Canadian Adverse Reaction Newsletter
Volume 13, Number 3, July 2003

Gatifloxacin (Tequin™) is a broad-spectrum antibacterial fluoroquinolone with activity against gram-negative and gram-positive aerobic and anaerobic microorganisms and is also effective against clinically important atypical microorganisms.¹ Health Canada's database of spontaneous reports of adverse reactions indicates that hypoglycemia and hyperglycemia have been reported more frequently with gatifloxacin than with other quinolone antibiotics. Case reports of hypoglycemia associated with gatifloxacin have also been published.^2-5 The Canadian product monograph for Tequin™ was recently updated in response to reported cases of serious, and in some cases life-threatening, disturbances of glucose homeostasis.¹

Health Canada received 28 reports of abnormal glucose metabolism associated with gatifloxacin (44% of total reports received for the drug) from Feb. 21, 2001 (the date marketed in Canada), to Feb. 28, 2003: 19 were of hypoglycemia, 7 were of hyperglycemia and 2 were of both hypoglycemia and hyperglycemia (Table 1). Twenty-five of the cases involved patients with type 2 diabetes (determined from the patient's history or use of concomitant medications), 2 involved nondiabetic patients, and in 1 case the diabetic status was unknown. The 28 cases were serious, and 19 of the patients were admitted to hospital or had a prolonged hospital stay because of the reaction. The 2 patients who died (86 and 102 years of age) had hyperglycemia, no prior history of diabetes and decreased renal function at the time of the reaction.
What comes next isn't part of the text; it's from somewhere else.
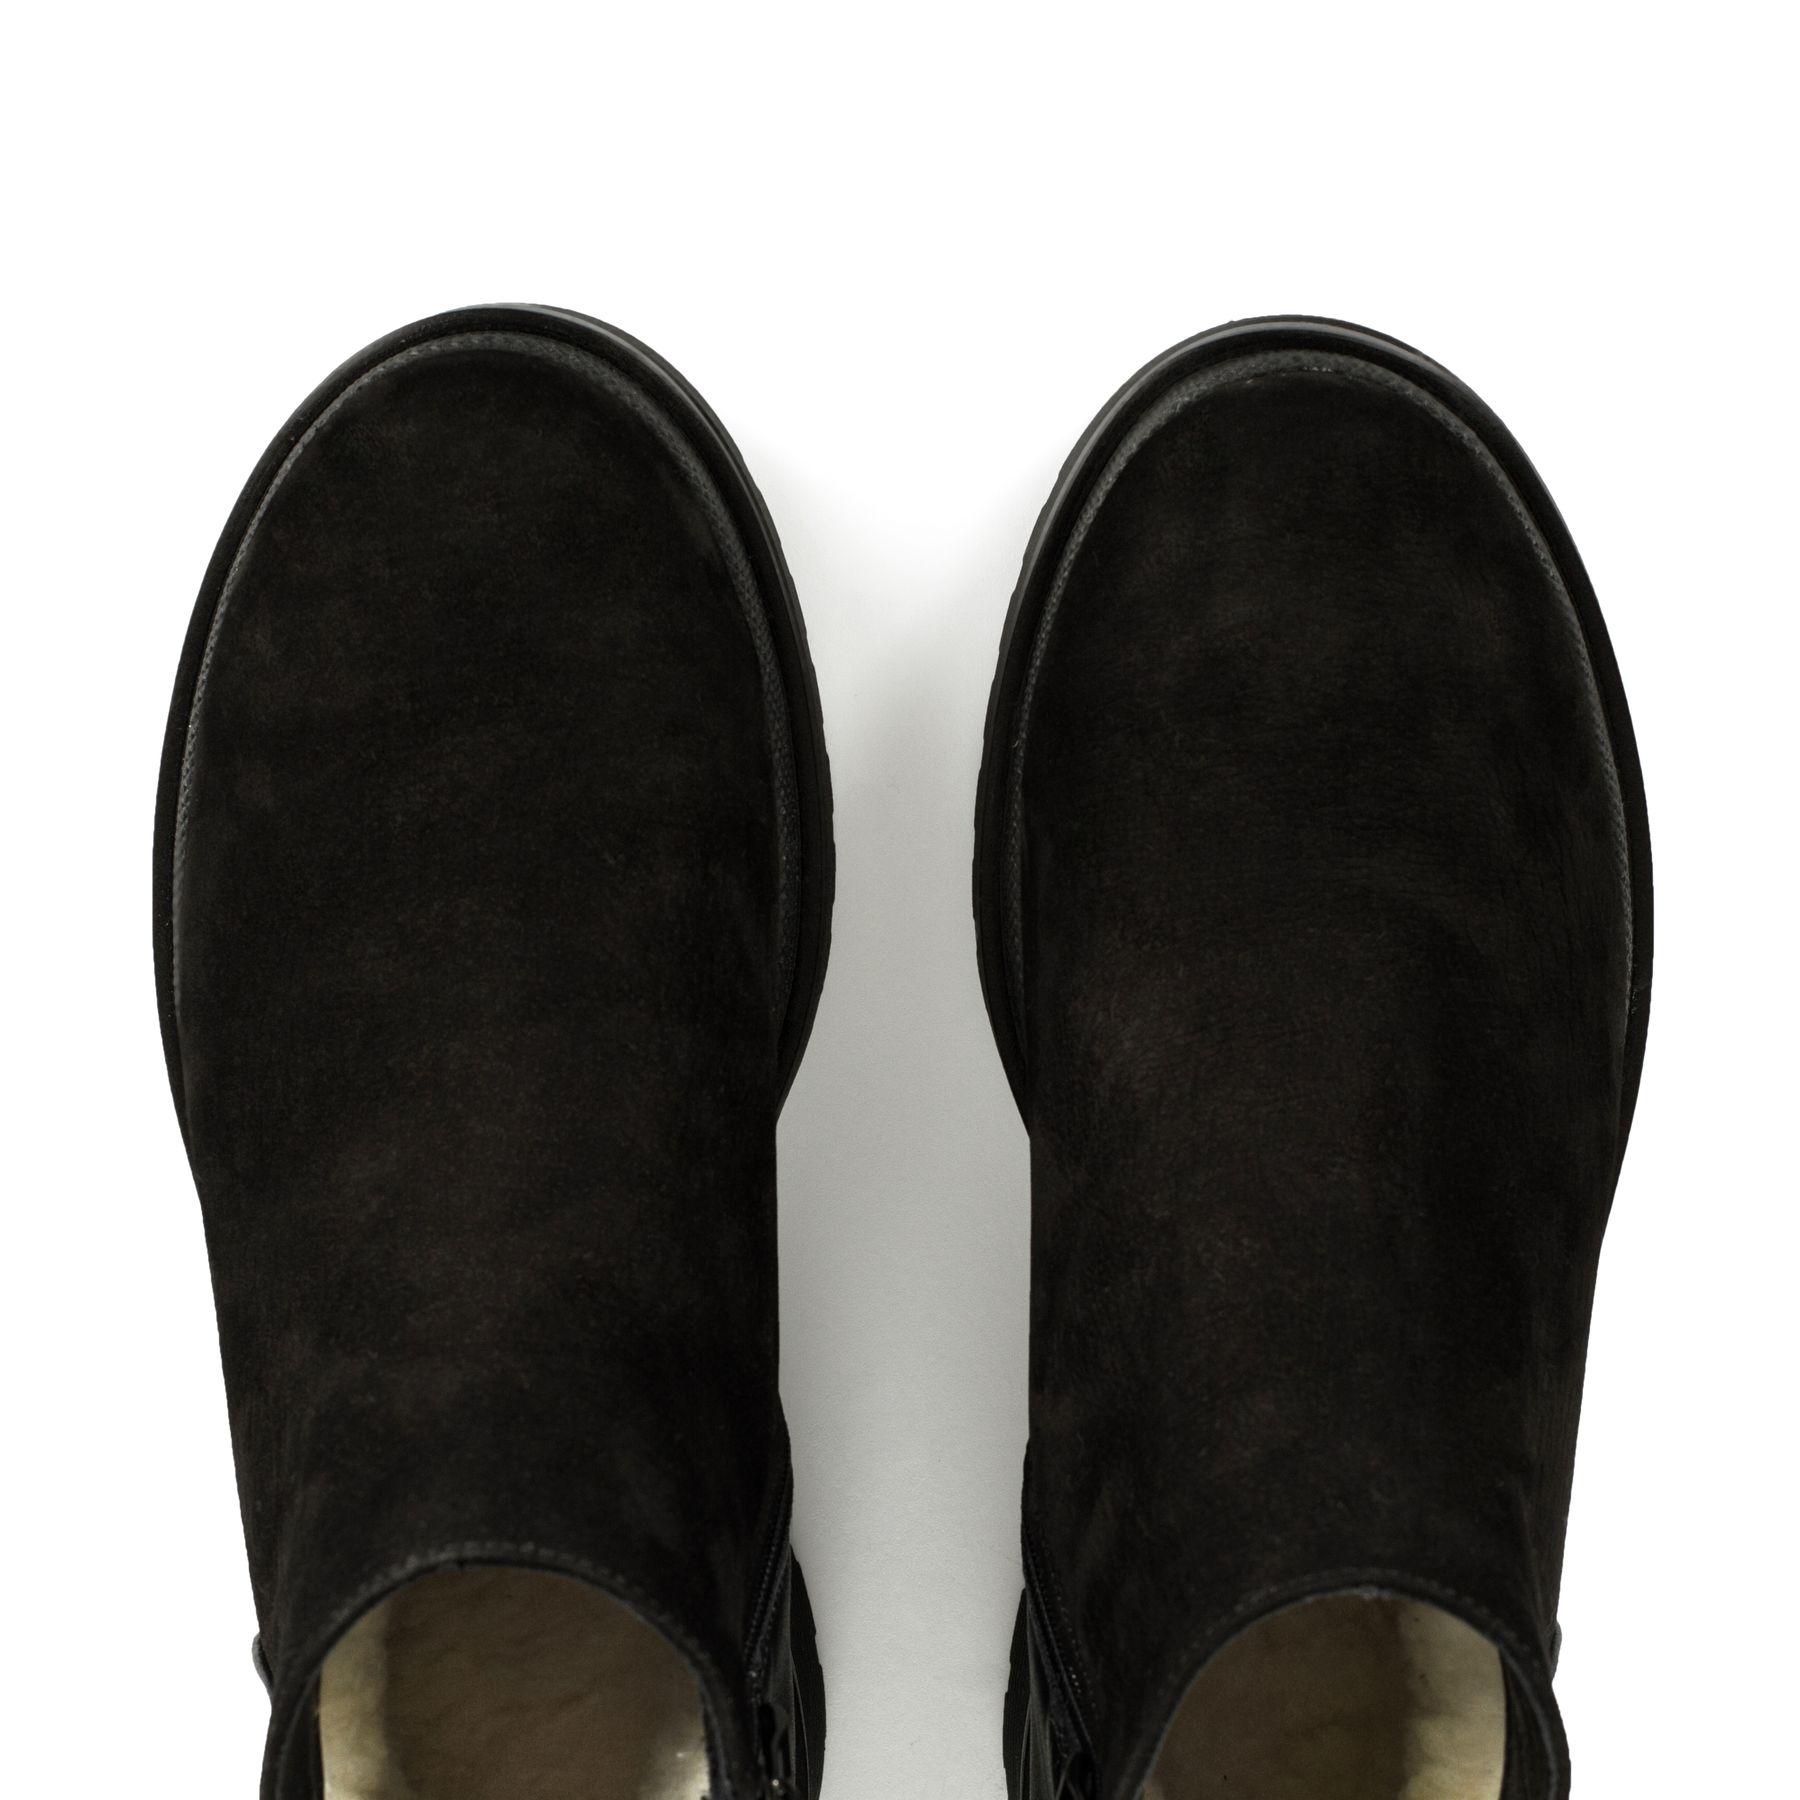 Короткі черевики з нубуку купити в інтернет-магазині Wladna ... 53d32b121b017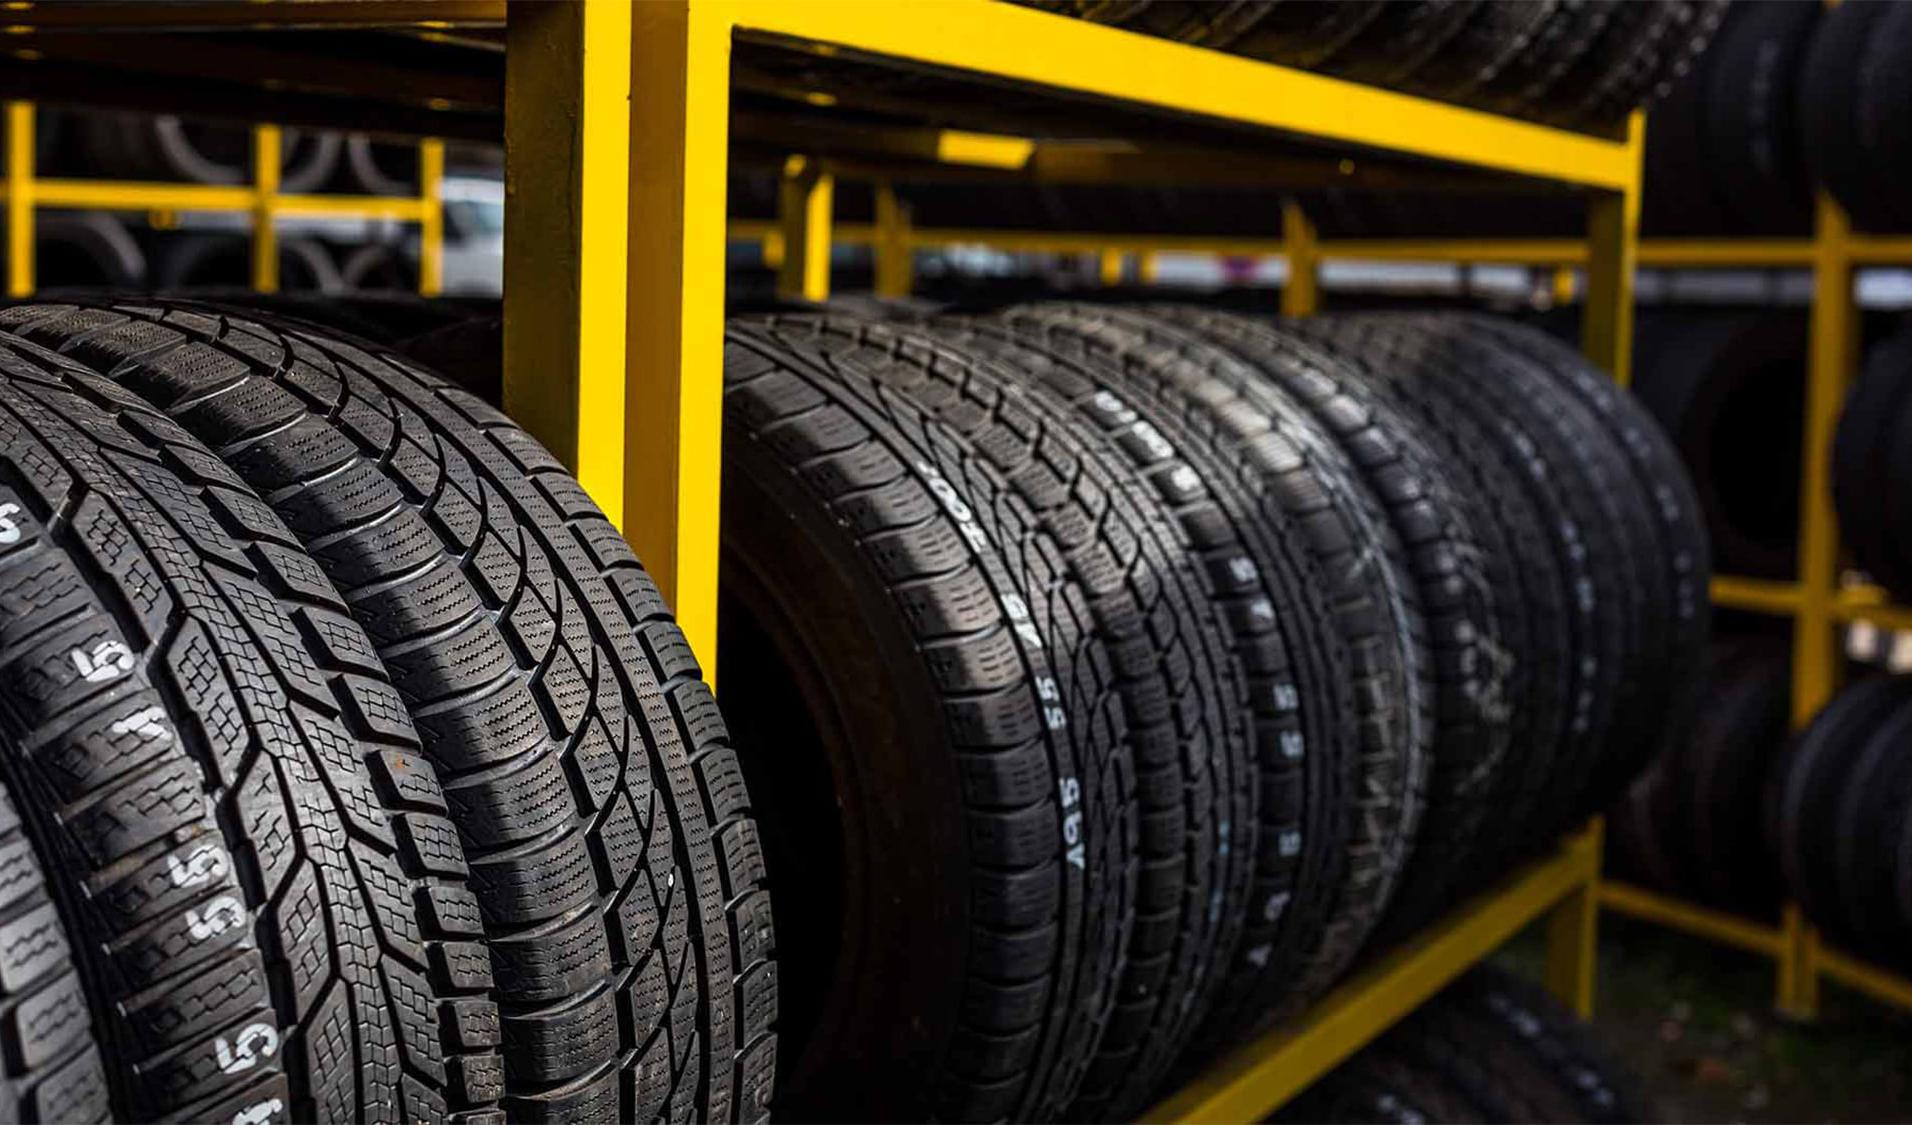 برخورد قاطع با هرگونه تخلف در زمینه تامین و توزیع تایر/ لزوم رصد مستمر بازار لاستیک خودرو

Concomitant use of hypoglycemic agents was noted in 18 of the 19 cases in which a hypoglycemic reaction was reported. The exact mechanism of hypoglycemia is unknown, but some hypotheses include a possible increase in the serum insulin level following the administration of gatifloxacin or the existence of a possible interaction between glyburide and gatifloxacin.^2-5

A postmarketing study of gatifloxacin involving more than 15 000 patients reported an incidence of hypoglycemic events of 0.3 per 1000 among nondiabetic patients and 6.4 per 1000 among diabetic patients.¹ The corresponding rates for hyperglycemia were 0.07 per 1000 and 13 per 1000. All of these cases were reversible with appropriate treatment, which included the discontinuation of gatifloxacin.¹

Key points¹

• Hypoglycemia and hyperglycemia have been reported following the use of gatifloxacin, usually but not always in diabetic patients.
• Hypoglycemic reactions frequently occurred within the first day of therapy and usually within 3 days. These reactions were reported in diabetic patients receiving either sulfonylurea or non-sulfonylurea oral hypoglycemic medications.
• Most hyperglycemic reactions occurred 4 to 10 days after the start of therapy; very elderly patients (> 75 years of age) who may have unrecognized diabetes, age-related decrease in renal function or underlying medical problems or are taking concomitant medications associated with hyperglycemia may be at particular risk.
• Blood glucose levels should be monitored carefully when gatifloxacin is used in diabetic patients.
• Gatifloxacin therapy should be stopped and appropriate treatment started immediately if any signs or symptoms of hypoglycemia or hyperglycemia appear.
• Gatifloxacin is mainly eliminated by the kidneys; therefore, a reduced dosage is recommended in patients with a creatinine clearance of less than 0.67 mL/s (40 mL/min).
• Patients should be educated about these possible adverse reactions with gatifloxacin.